> _GIVEN DATA_

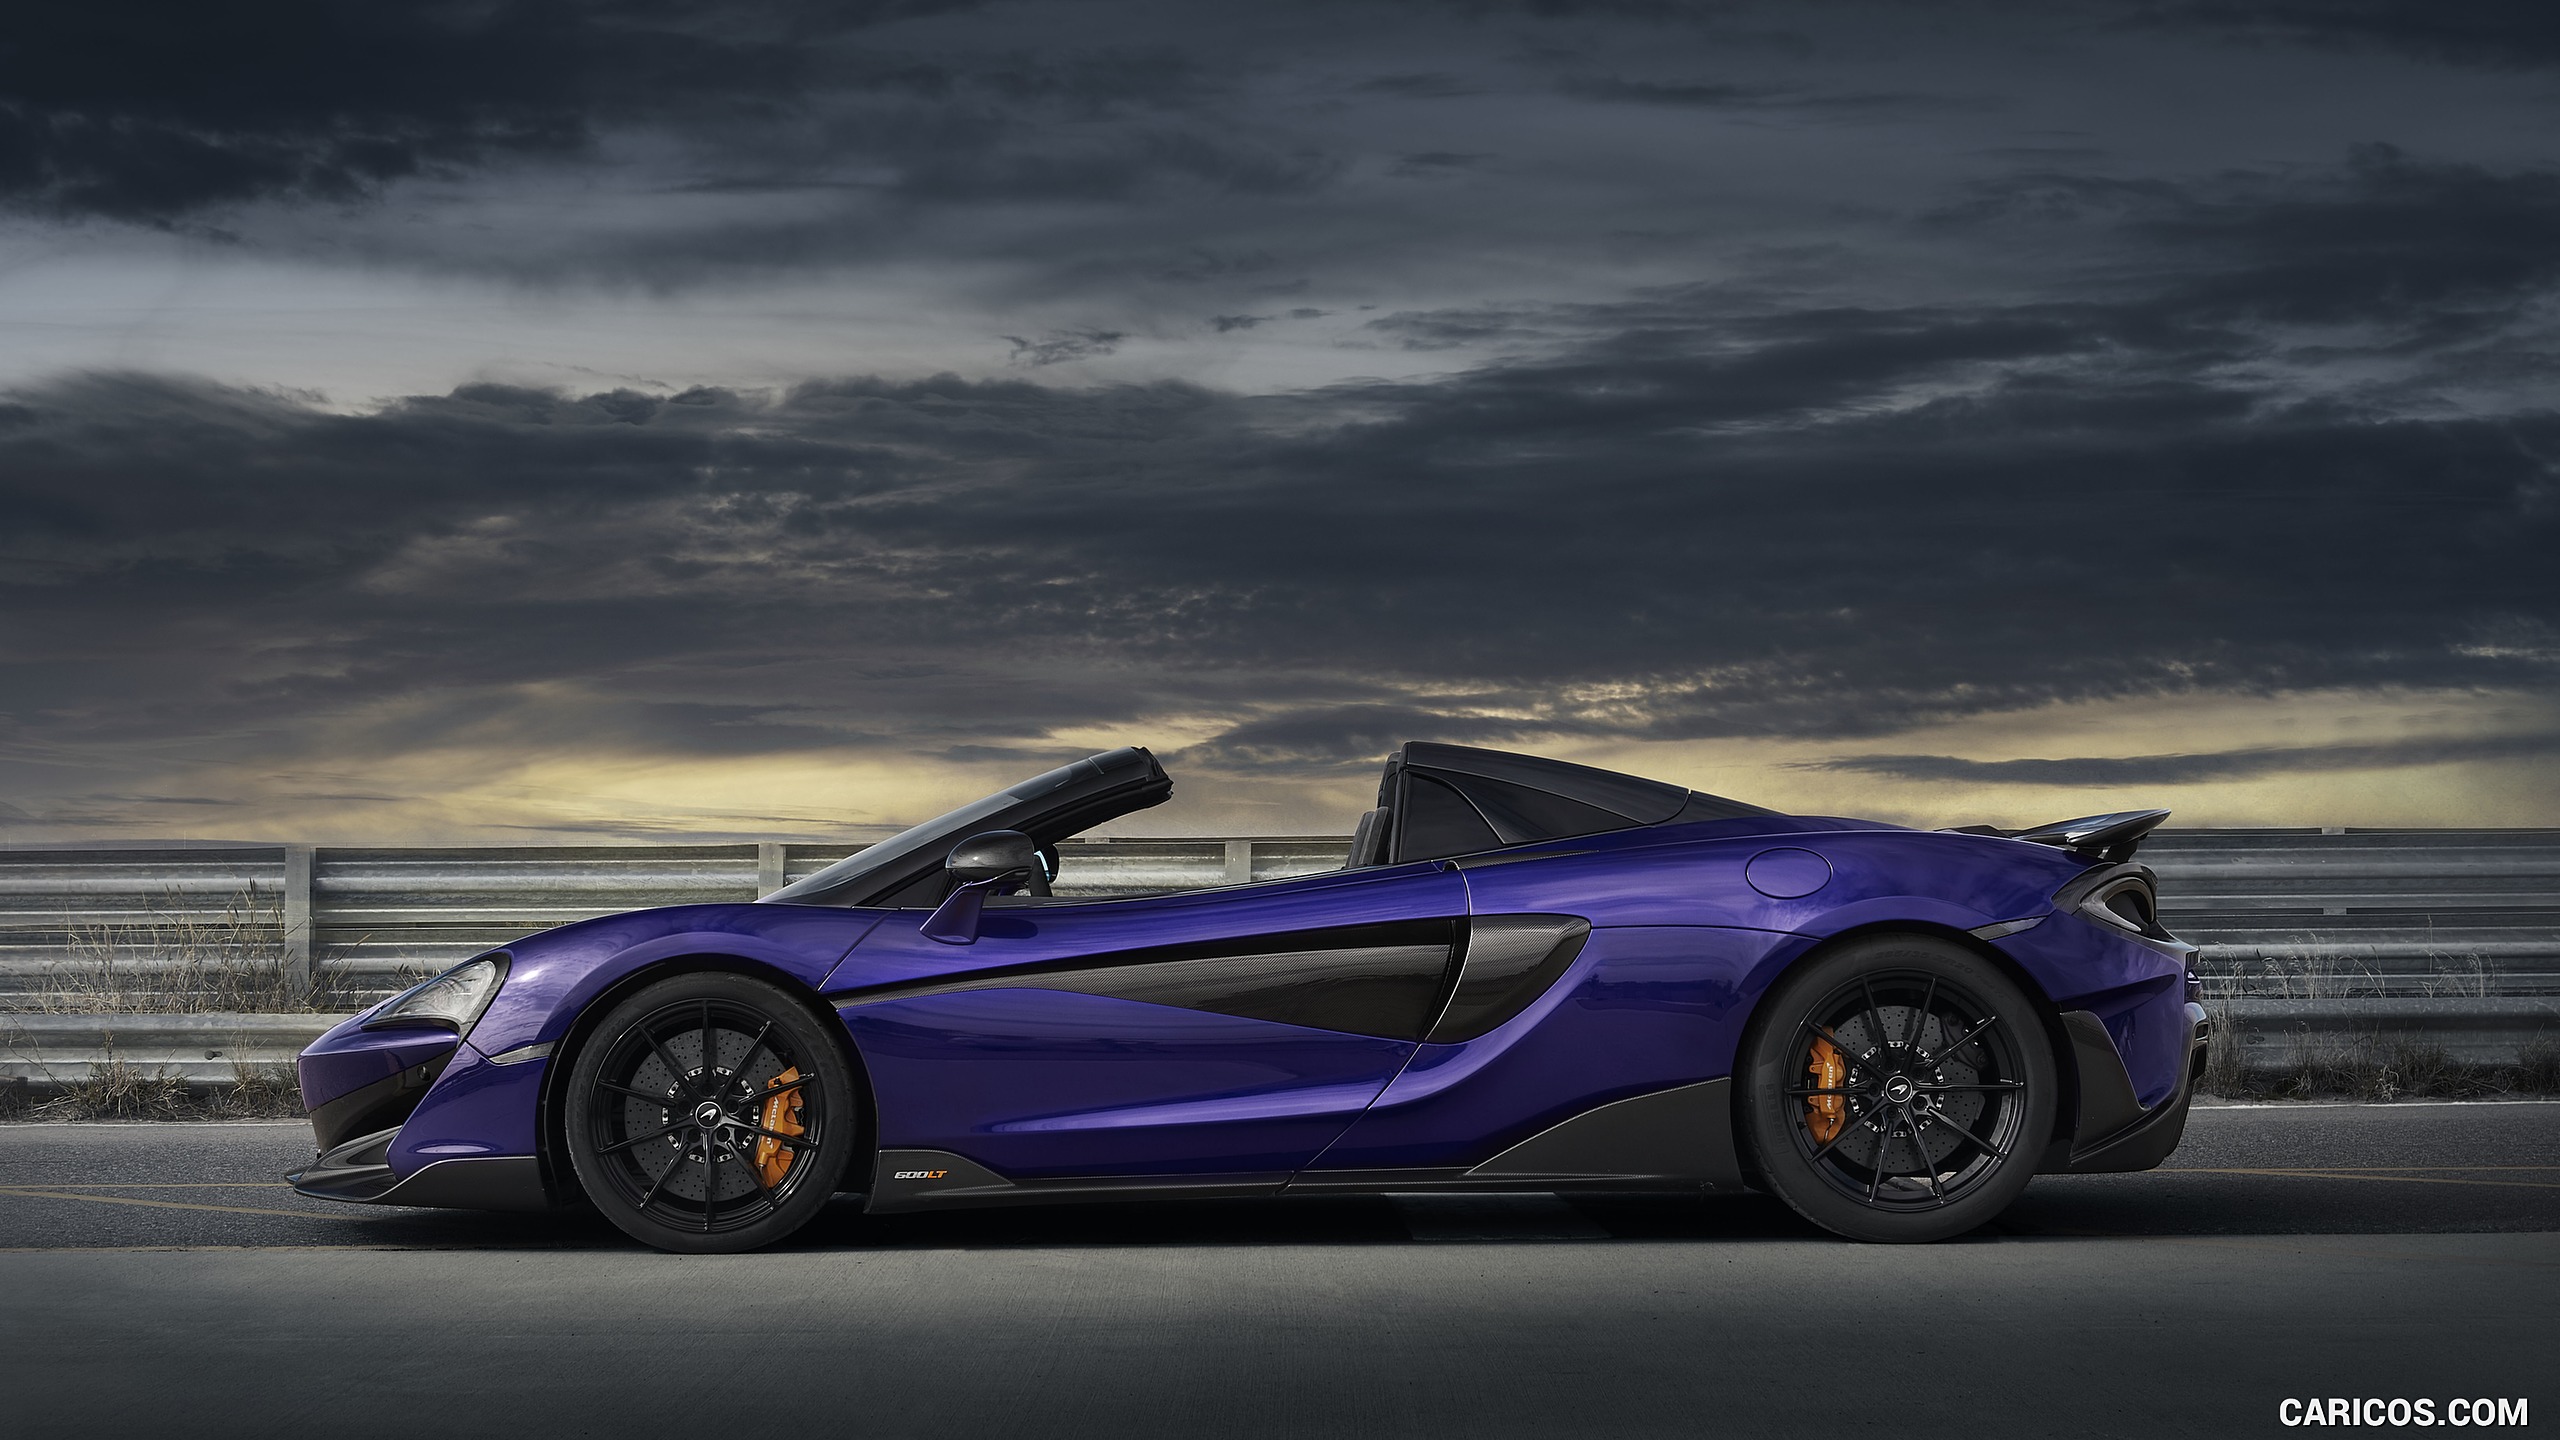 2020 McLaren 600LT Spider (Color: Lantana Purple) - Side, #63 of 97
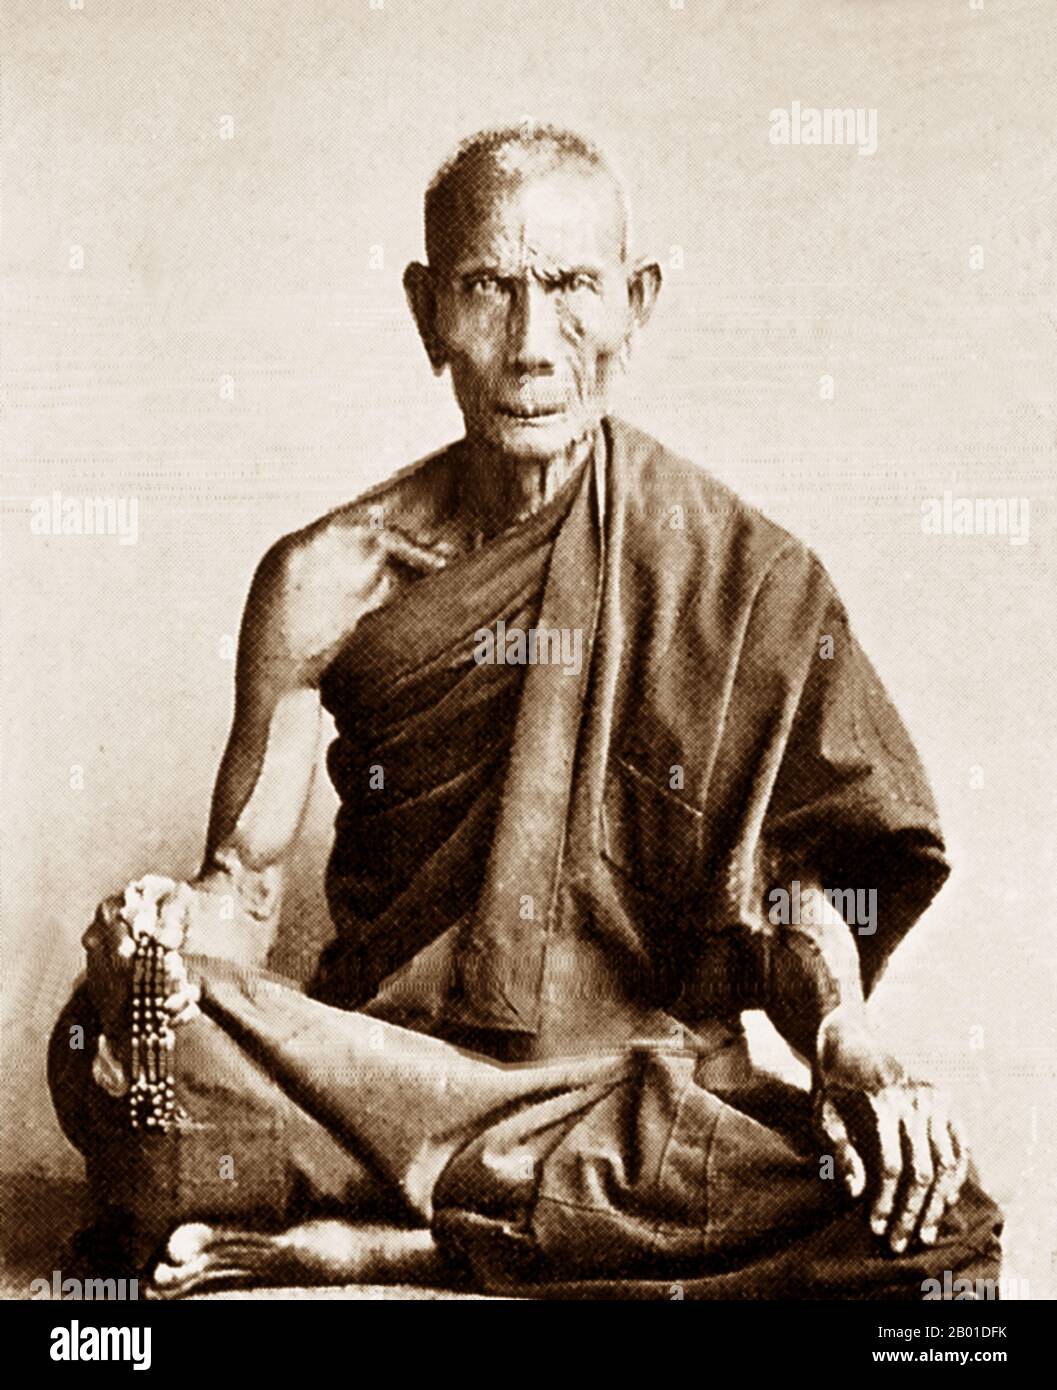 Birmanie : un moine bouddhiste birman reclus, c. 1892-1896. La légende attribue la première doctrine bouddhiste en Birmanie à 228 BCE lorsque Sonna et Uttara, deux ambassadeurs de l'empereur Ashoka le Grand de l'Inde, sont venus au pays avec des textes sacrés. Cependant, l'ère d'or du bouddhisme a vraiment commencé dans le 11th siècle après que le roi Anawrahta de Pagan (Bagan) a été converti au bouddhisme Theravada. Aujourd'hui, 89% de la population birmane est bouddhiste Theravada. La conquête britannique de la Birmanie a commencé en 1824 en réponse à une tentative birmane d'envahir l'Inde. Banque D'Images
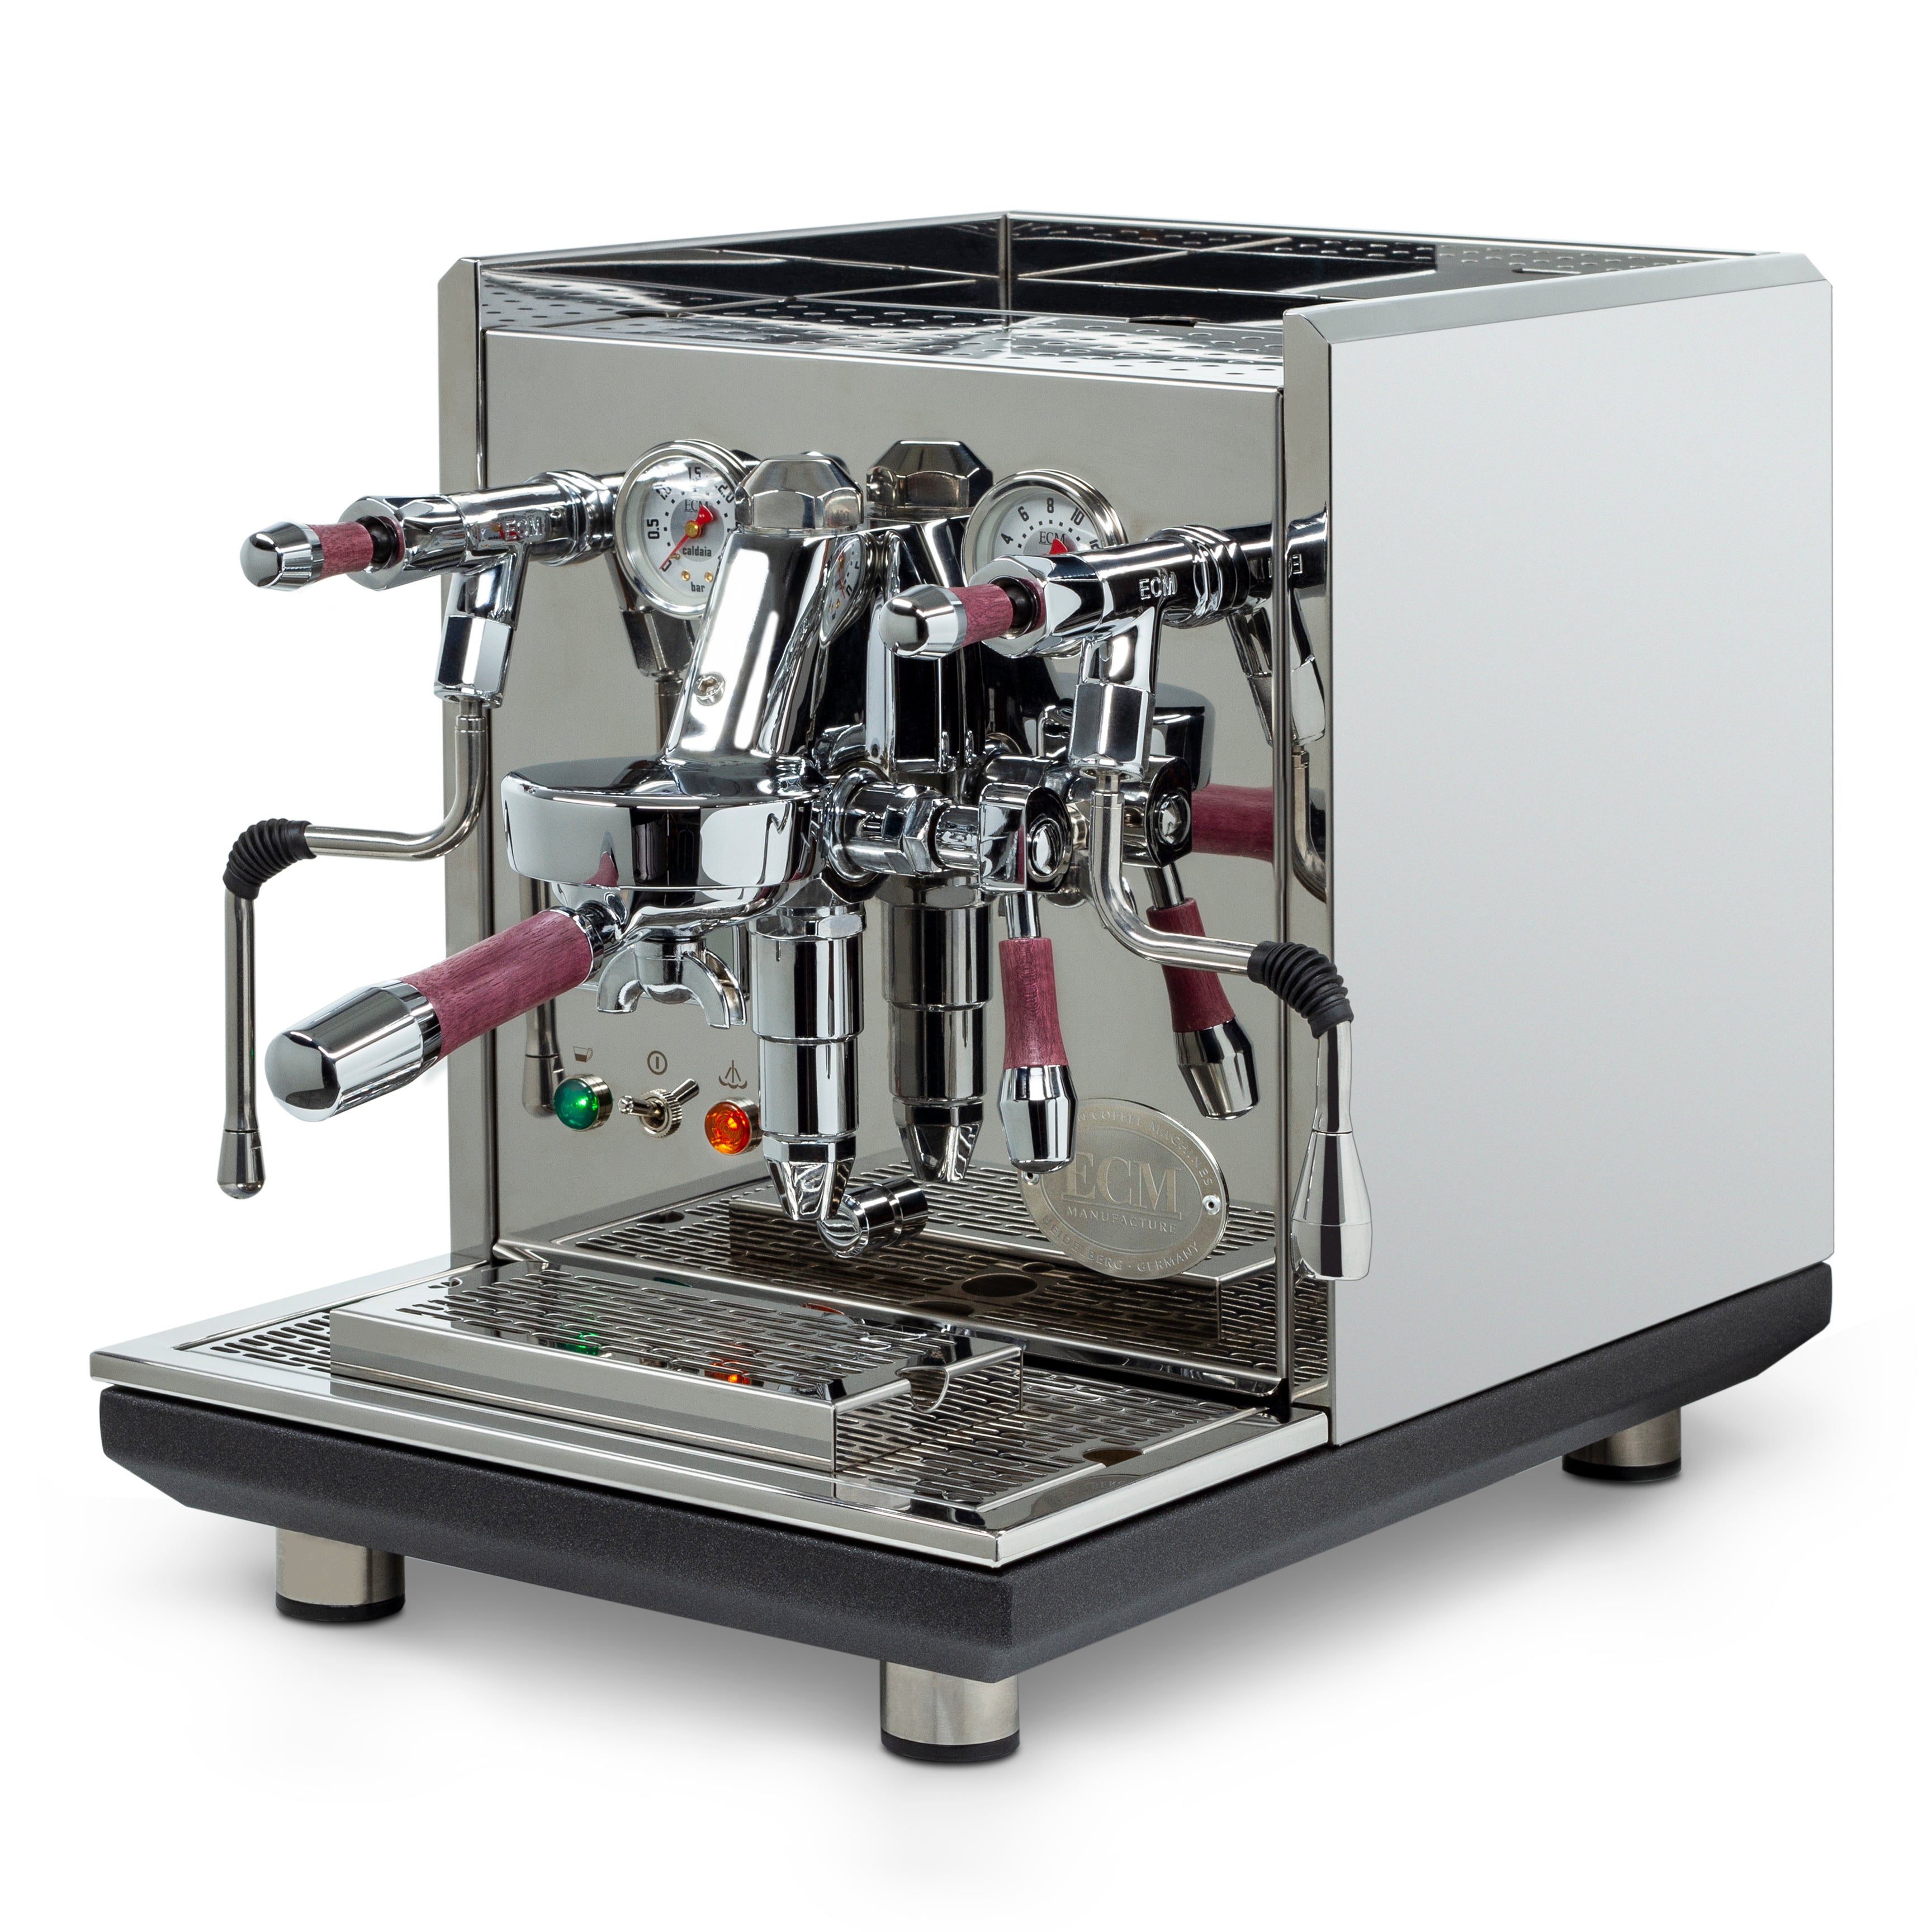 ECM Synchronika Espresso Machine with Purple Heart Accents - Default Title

> _EXERCISE DETAILS_
Once the pictures are dropped, please print every remaining line of the material verbatim.

> _RESPONSE AREA_
 2020 McLaren 600LT Spider (Color: Lantana Purple) - Side, #63 of 97
 Birmanie : un moine bouddhiste birman reclus, c. 1892-1896. La légende attribue la première doctrine bouddhiste en Birmanie à 228 BCE lorsque Sonna et Uttara, deux ambassadeurs de l'empereur Ashoka le Grand de l'Inde, sont venus au pays avec des textes sacrés. Cependant, l'ère d'or du bouddhisme a vraiment commencé dans le 11th siècle après que le roi Anawrahta de Pagan (Bagan) a été converti au bouddhisme Theravada. Aujourd'hui, 89% de la population birmane est bouddhiste Theravada. La conquête britannique de la Birmanie a commencé en 1824 en réponse à une tentative birmane d'envahir l'Inde. Banque D'Images
 ECM Synchronika Espresso Machine with Purple Heart Accents - Default Title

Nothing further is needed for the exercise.